Liquidity and Capital Resources

The Company has incurred operating losses since inception and expects to continue to incur significant operating losses for the foreseeable future and may never become profitable. Losses are expected to continue as the Company continues to invest in its research and development activities. As of December 31, 2025, the Company had an accumulated deficit of $711.3 million. The Company expects to continue to incur significant expenses and operating losses for the foreseeable future.

On May 28, 2025, the Company entered into an underwriting agreement (the “May 2025 Underwriting Agreement”) with Jefferies LLC, BofA Securities, Inc., Piper Sandler & Co. and Barclays Capital Inc, as representatives of the several underwriters set forth therein (collectively, the “Underwriters”), to issue and sell 46,868,687 shares of the Company’s common stock and, in lieu of common stock to certain investors, pre-funded warrants to purchase 25,858,586 shares of its common stock in an underwritten public offering (the “May 2025 Offering”), pursuant to an effective shelf registration statement on Form S-3 and a related prospectus and prospectus supplement. The offering price to the public was $2.75 per share of common stock and $2.749 per pre-funded warrant, which was the price to the public of each share of common stock sold in the May 2025 Offering minus the $0.001 exercise price per pre-funded warrant. The Underwriters purchased the shares and the pre-funded warrants from the Company pursuant to the May 2025 Underwriting Agreement at a price of $2.585 per share and $2.584 per pre-funded warrant, respectively. See Note 10 for additional information. The initial closing of the May 2025 Offering occurred on May 30, 2025. In addition, the Company granted the Underwriters an option to purchase, for a period of 30 days, up to an additional 10,909,090 shares of common stock, which the Underwriters exercised in full on June 6, 2025. The total net proceeds from the May 2025 Offering were approximately $215.6 million, including full exercise of the Underwriters’ option to purchase additional shares, after deducting underwriting discounts and commissions and offering expenses.

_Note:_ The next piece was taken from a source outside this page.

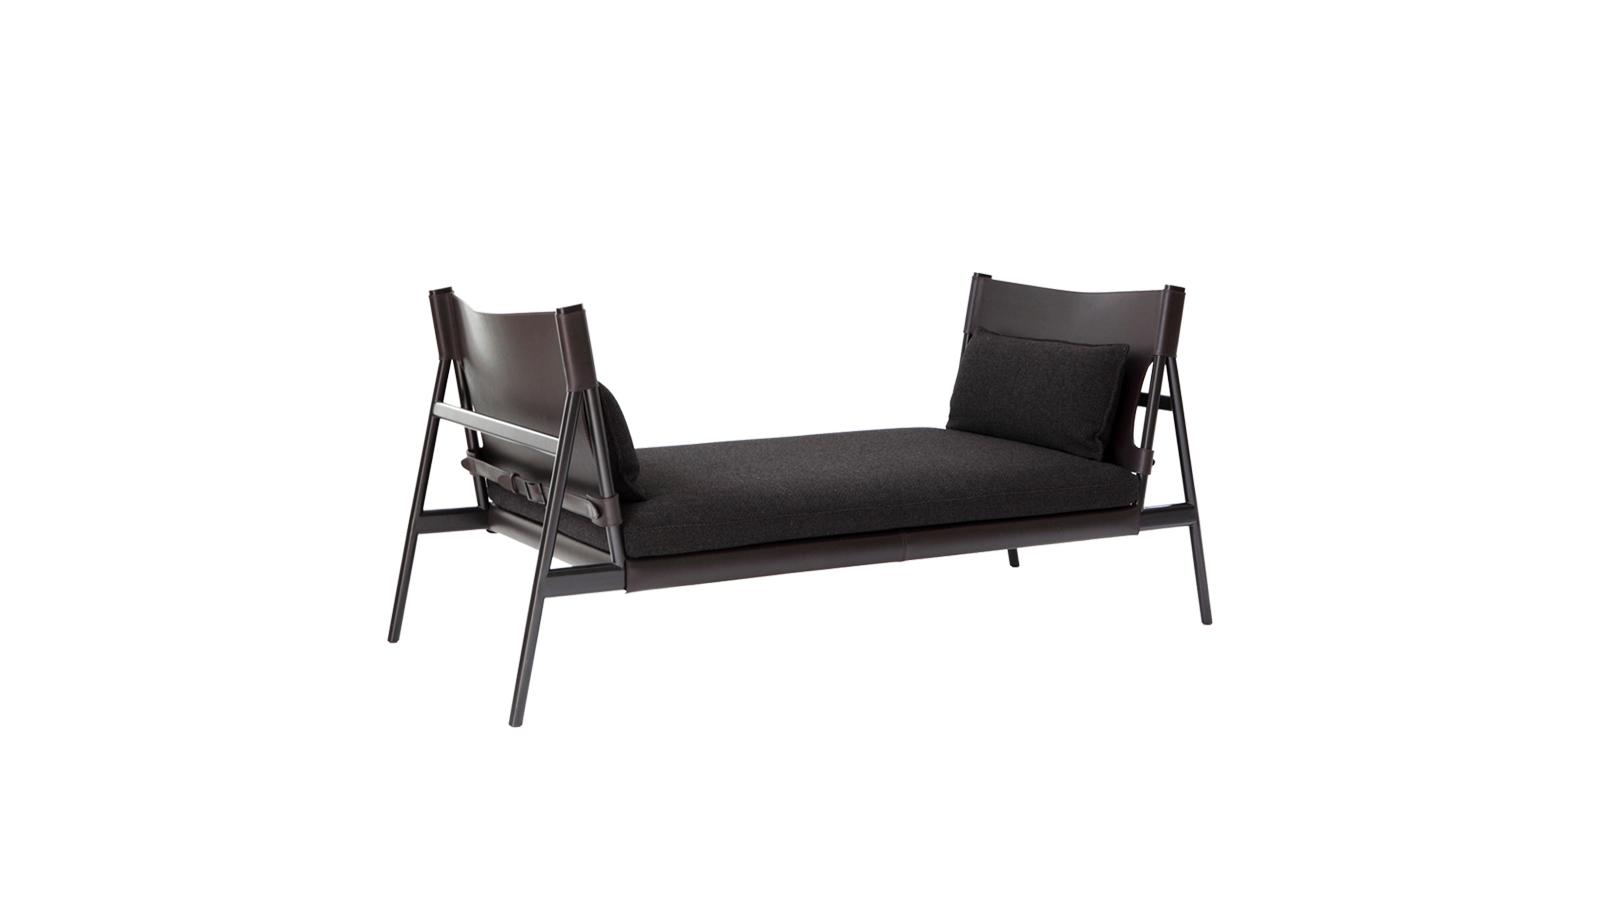 """""""A Porro Traveller darabja elegáns és eredeti, szimmetrikus, arányos és kényelmes. A fekete fém tartószerkezet a kárpit és a párnák tartójaként szerepel, amellett, hogy a formavilágát is definiálja a darabnak. Nyeregszerű bőrhatása robosztusságot hoz létre, ám az összkép mindvégig lágy marad a két szövetpárna jelenlétének köszönhetően. A bútor variábilis: kárpitozott elemei könnyen eltávolíthatóak és cserélhetőek. A megnyújtott ülőpárna rész kényelmes pozíció felvételére ösztönzi használóját, ideális gardróbokban elhelyezve. """""""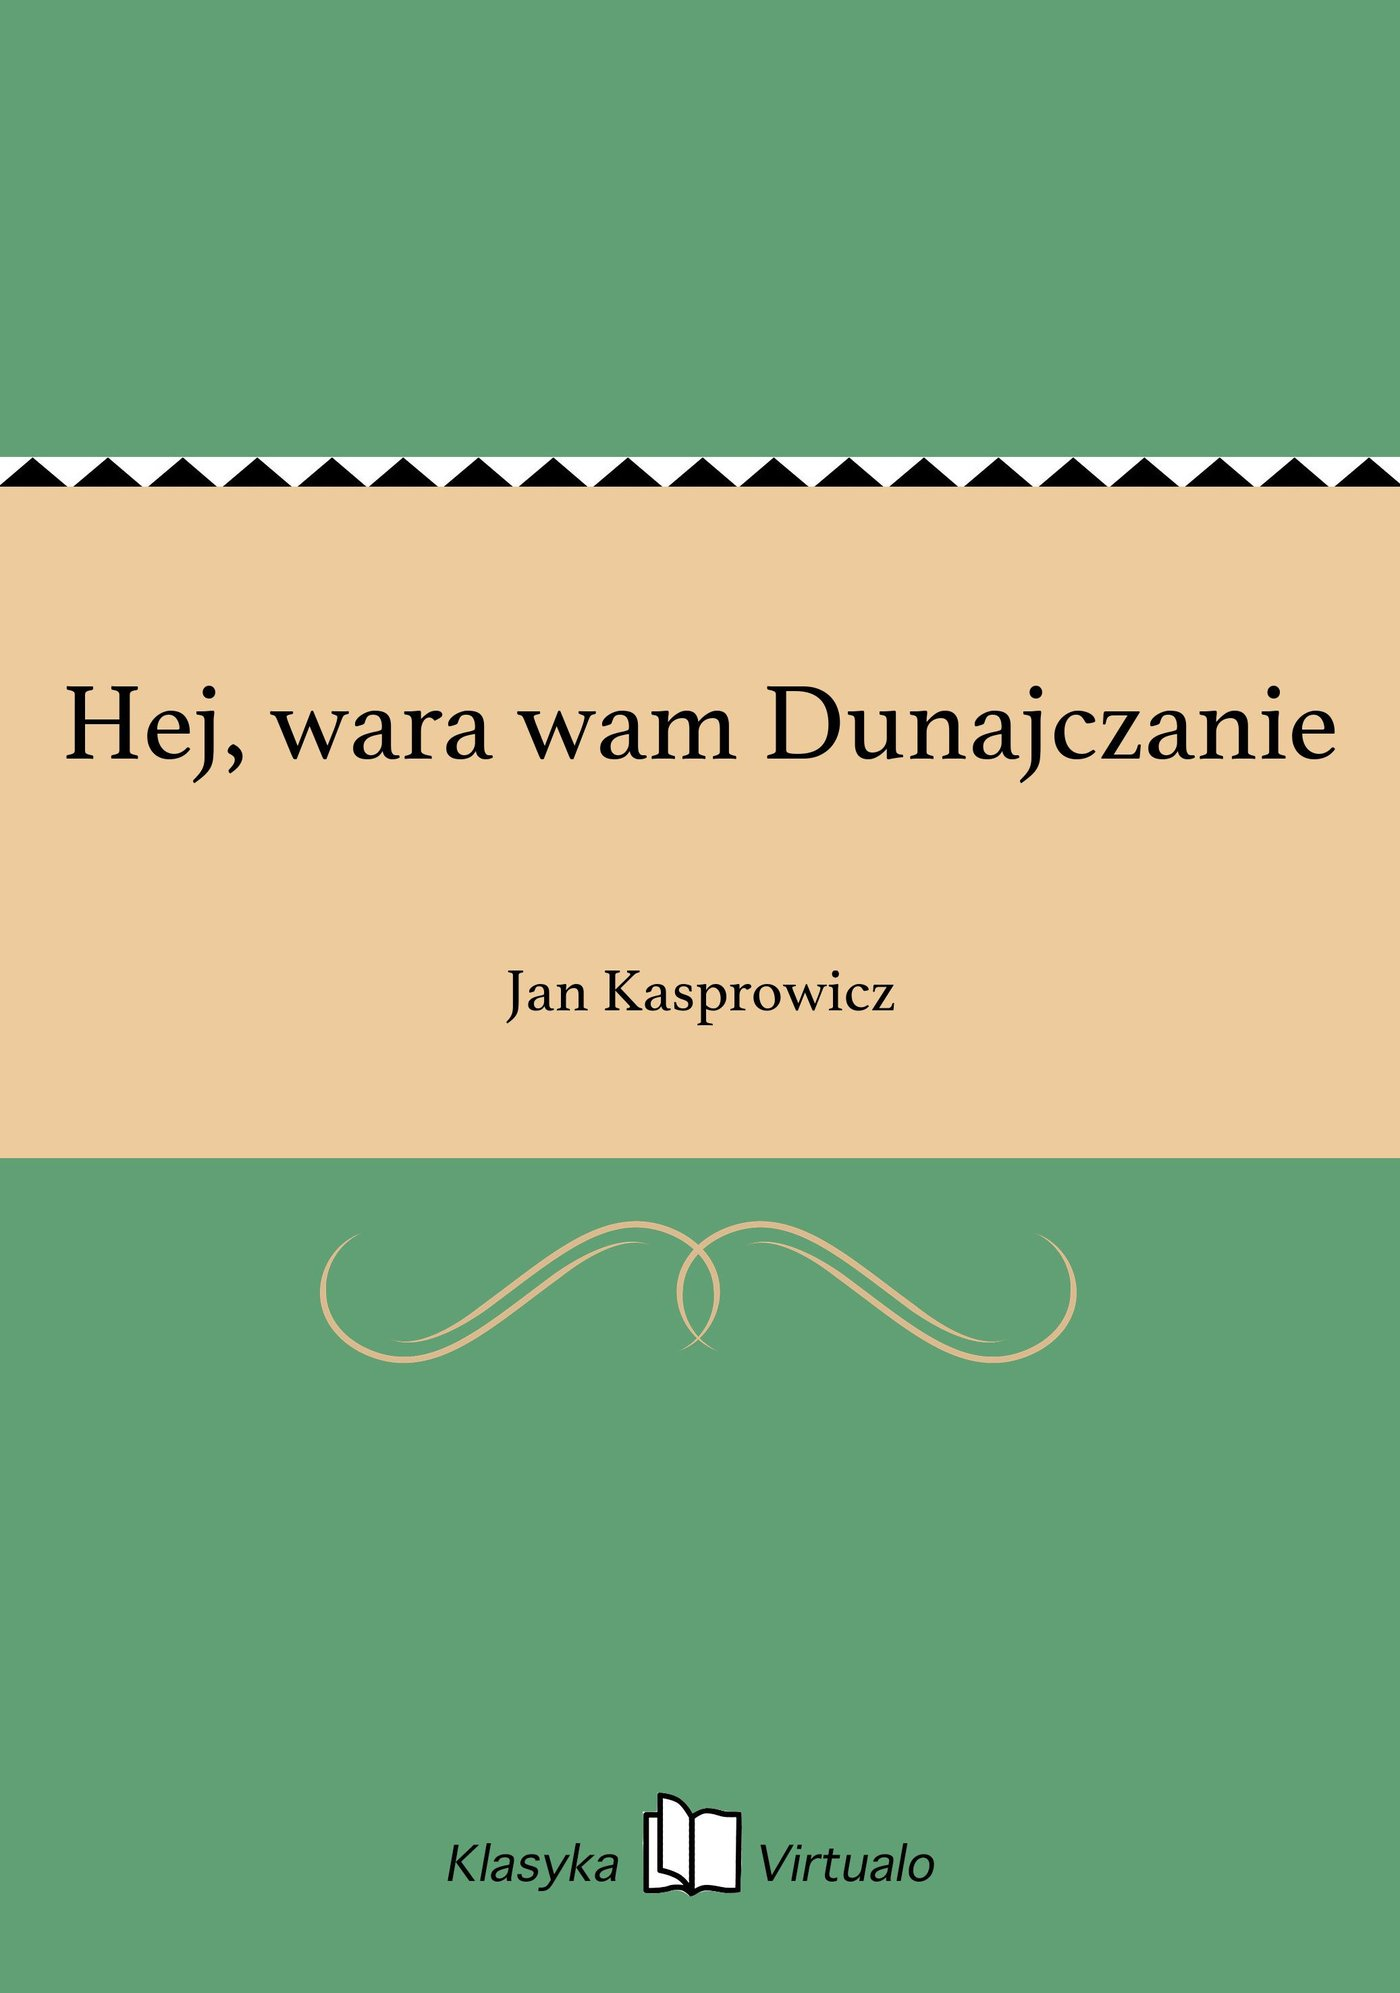 Hej, wara wam Dunajczanie - Ebook (Książka EPUB) do pobrania w formacie EPUB

Future capital requirements will depend on many factors, including the timing and extent of spending on research and development and the market acceptance of the Company’s products. The Company will need to obtain additional financing in order to complete clinical

studies and launch and commercialize any product candidates for which it receives regulatory approval. There can be no assurance that such financing will be available or will be on terms acceptable to the Company. As of December 31, 2025, the Company had cash and cash equivalents of $319.8 million which the Company believes will be sufficient to fund its planned operations for a period of at least twelve months from the date of issuance of these consolidated financial statements. The Company has based this estimate on assumptions that may prove to be wrong, and its operating plan may change as a result of many factors currently unknown to it. As a result, the Company could deplete its capital resources sooner than it currently expects. The Company expects to finance its future cash needs through a combination of equity offerings, debt financings, collaborations, strategic alliances or licensing arrangements. If the Company is unable to obtain funding, the Company would be forced to delay, reduce or eliminate some or all of its research and development programs, preclinical and clinical testing or commercialization efforts, which could adversely affect its business prospects.